Com a intensificação cada vez maior da divisão social do trabalho, “ cada ser humano se vê
limitado e confinado a certo âmbito especializado no qual centra sua vida diária. A consciência
surgida destas condições é fragmentária, e inviabiliza o resto da vida social e humana”
(GARCIA, 2002, p.98). Logo,a existência das classes sociais coloca limites para a existência do
humano-particular enquanto representante do desenvolvimento genérico, impõe limites à
possibilidade de apropriação por cada indivíduo singular de objetivações humano-genéricas.

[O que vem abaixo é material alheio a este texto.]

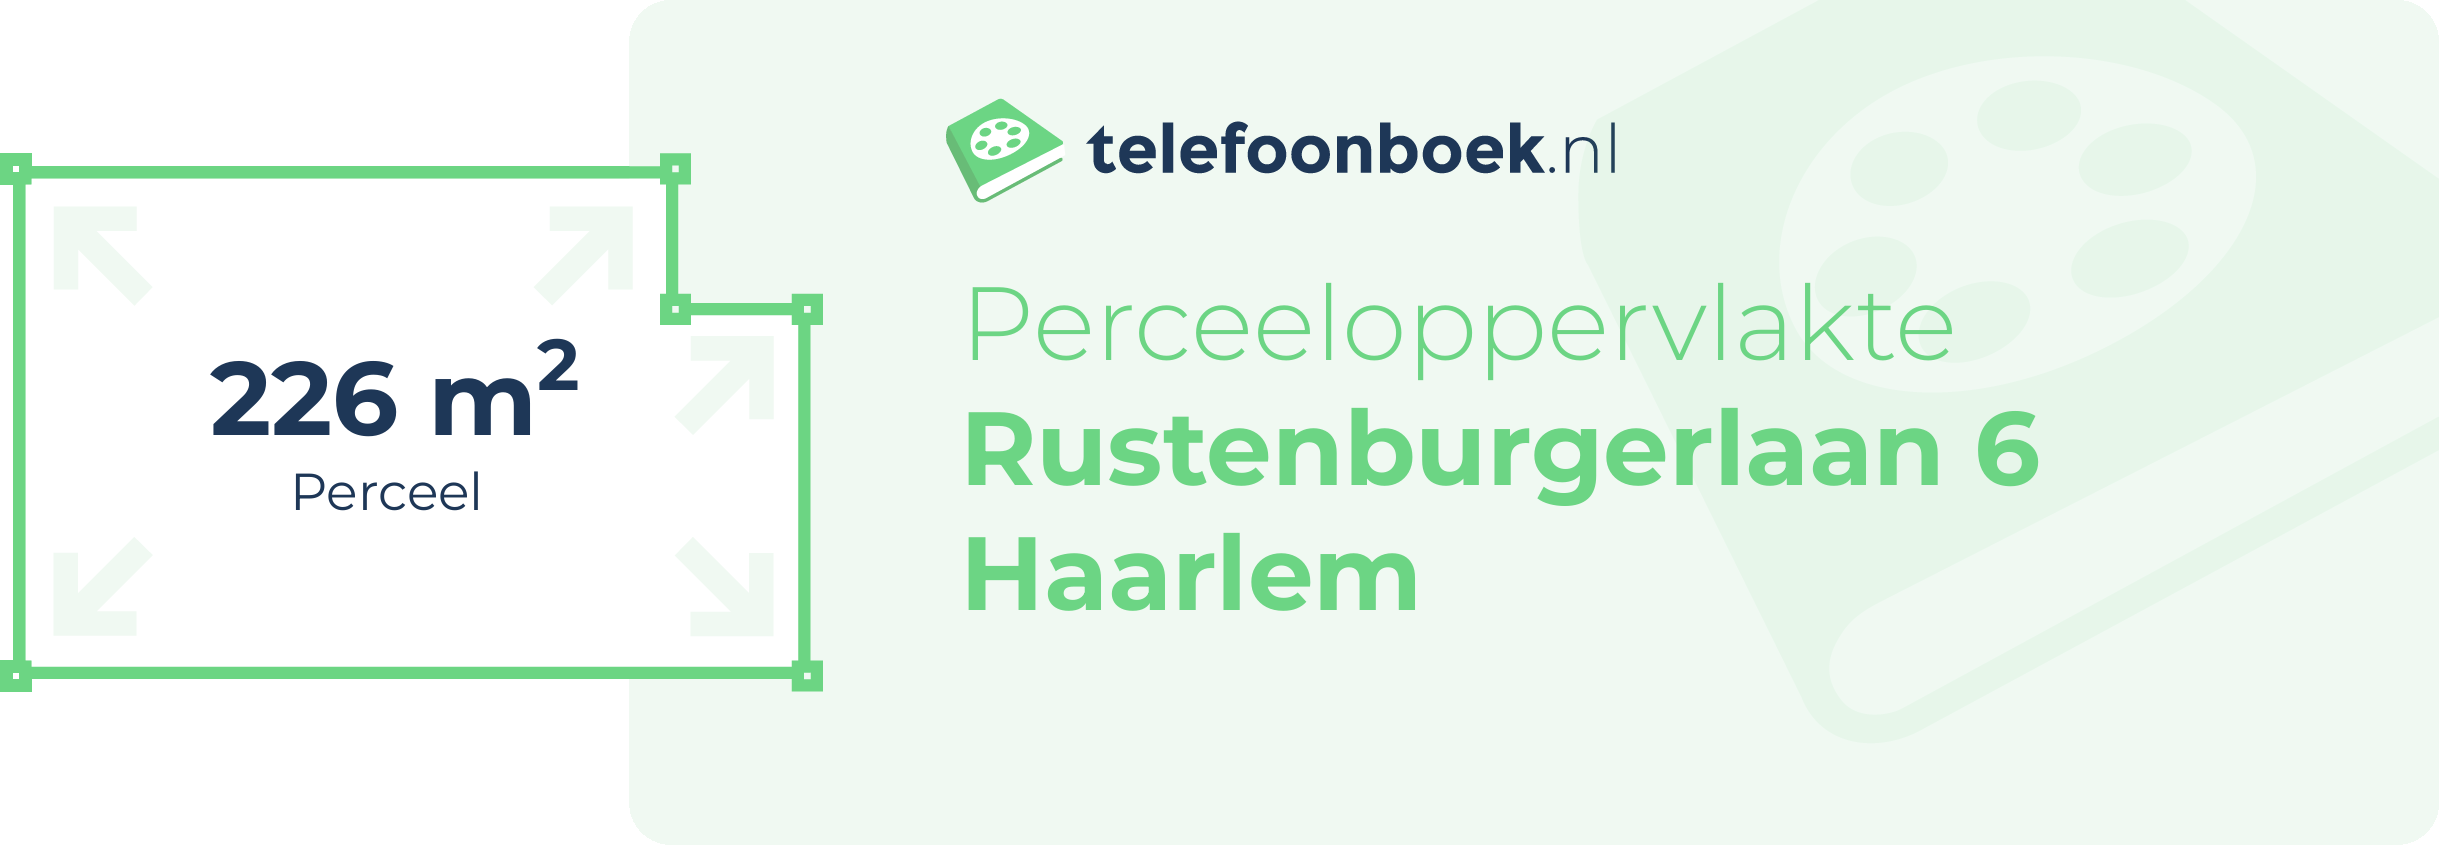 Perceeloppervlakte Rustenburgerlaan 6 Haarlem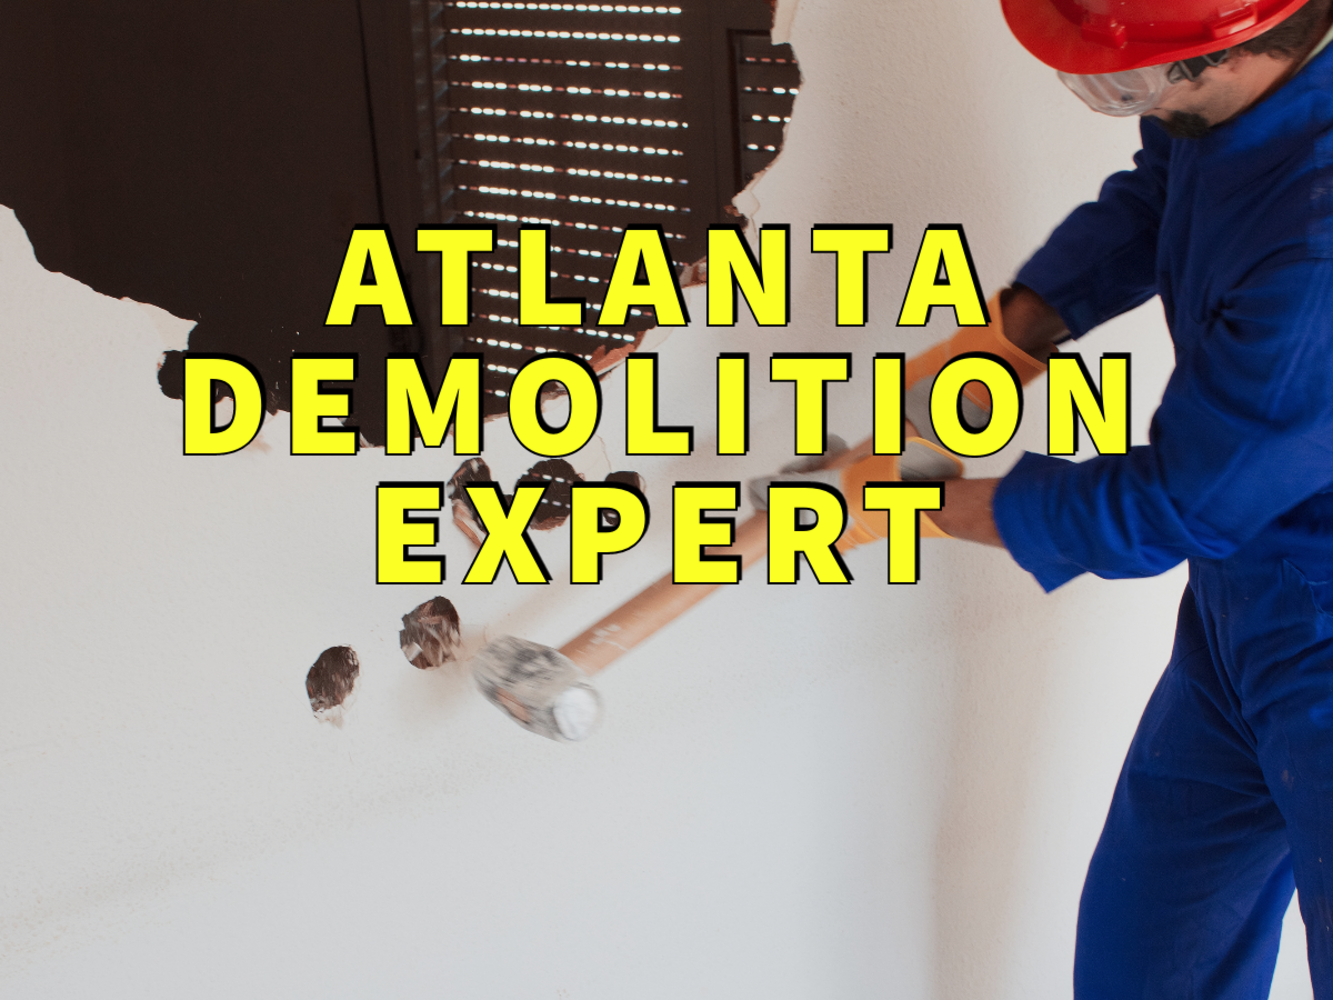 Atlanta demolition expert written in yellow over man in blue jumpsuit demolishing drywall with sledgehammer

Contudo, apesar de pertencer a uma classe, a relação do indivíduo particular com sua classe não
se dá de forma direta. Há uma mediação entre a classe e o ser particular, que são os grupos. É
comum que os grupos apresentem um sistema de exigências ideais da sociedade, (HELLER,
1987), o que pode potencializar as chances de recusa e/ou revolta com tais sistemas de
exigências.
Esta possibilidade expressa a historicidade do cotidiano, pois ele é também um espaço
marcado por transformações e conflitos. Além das revoluções alterarem significantemente a vida
cotidiana, há nele continuidades e transformações que se efetivam para além do particular,
reverberando no humano-genérico, tanto que frequentemente as mudanças macrossociais se
expressam na vida cotidiana antes de se efetivarem em processos revolucionários. Por isso, Heller
(1970) chama o cotidiano de“ o fermento secreto da história” (p.20). Ela ainda afirma que “toda
grande façanha histórica concreta torna-se particular e histórica graças a seu posterior efeito na
cotidianidade”(p.20). A transformação da vida comum é o termômetro de uma grande façanha
histórica.
Gênero, cotidiano e capitalismo
Há, contudo, um condicionante fundamental da vida cotidiana que escapou a Heller, o
gênero. Segundo Carosio (2010):
A experiência mais direta, mais universal e mais profunda da vida cotidiana é a
experiência da diferença sexual: masculinidade e feminilidade como conjunto de
comportamentos que os indivíduos devem adotar […] (p.73, tradução nossa)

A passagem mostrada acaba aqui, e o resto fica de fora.